By analyzing existing cross correlation between Okta Inc and Sydbank AS, you can compare the effects of market volatilities on Okta and Sydbank AS and check how they will diversify away market risk if combined in the same portfolio for a given time horizon. You can also utilize pair trading strategies of matching a long position in Okta with a short position of Sydbank AS. Check out your portfolio center. Please also check ongoing floating volatility patterns of Okta and Sydbank AS.

Diversification Opportunities for Okta and Sydbank AS

0.33
  Correlation Coefficient

Weak diversification

The 3 months correlation between Okta and Sydbank is 0.33. Overlapping area represents the amount of risk that can be diversified away by holding Okta Inc and Sydbank AS in the same portfolio, assuming nothing else is changed. The correlation between historical prices or returns on Sydbank AS and Okta is a relative statistical measure of the degree to which these equity instruments tend to move together. The correlation coefficient measures the extent to which returns on Okta Inc are associated (or correlated) with Sydbank AS. Values of the correlation coefficient range from -1 to +1, where. The correlation of zero (0) is possible when the price movement of Sydbank AS has no effect on the direction of Okta i.e., Okta and Sydbank AS go up and down completely randomly.

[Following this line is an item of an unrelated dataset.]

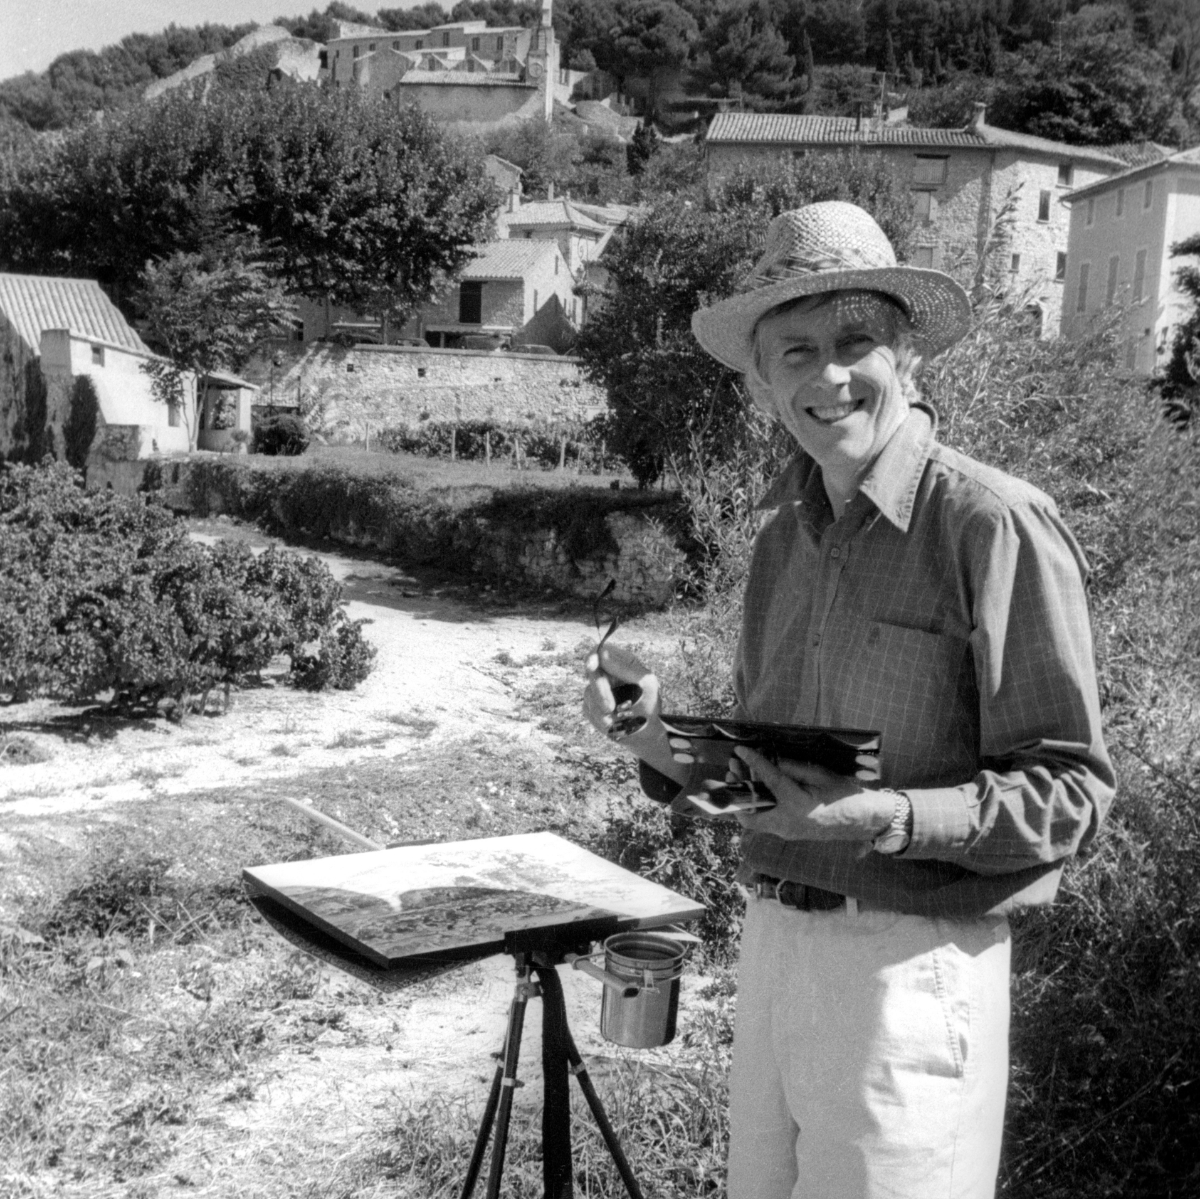 Ted Dyer at work in Provence painting at his easel in a vineyard in the village of Gigondas

Pair Corralation between Okta and Sydbank AS

Given the investment horizon of 90 days Okta Inc is expected to generate 1.47 times more return on investment than Sydbank AS. However, Okta is 1.47 times more volatile than Sydbank AS. It trades about 0.22 of its potential returns per unit of risk. Sydbank AS is currently generating about 0.29 per unit of risk. If you would invest  7,189  in Okta Inc on September 1, 2024 and sell it today you would earn a total of  567.00  from holding Okta Inc or generate 7.89% return on investment over 90 days.
Time Period3 Months [change]
DirectionMoves Together 
StrengthVery Weak
Accuracy95.45%
ValuesDaily Returns

Okta Inc  vs.  Sydbank AS

 Performance 
       Timeline  
Okta Inc 

Risk-Adjusted Performance

2 of 100

 
Weak
 
Strong
Weak
Compared to the overall equity markets, risk-adjusted returns on investments in Okta Inc are ranked lower than 2 (%) of all global equities and portfolios over the last 90 days. Despite somewhat strong basic indicators, Okta is not utilizing all of its potentials. The latest stock price disturbance, may contribute to short-term losses for the investors.
Sydbank AS 

Risk-Adjusted Performance

1 of 100

 
Weak
 
Strong
Weak
Compared to the overall equity markets, risk-adjusted returns on investments in Sydbank AS are ranked lower than 1 (%) of all global equities and portfolios over the last 90 days. In spite of very healthy basic indicators, Sydbank AS is not utilizing all of its potentials. The recent stock price disarray, may contribute to short-term losses for the investors.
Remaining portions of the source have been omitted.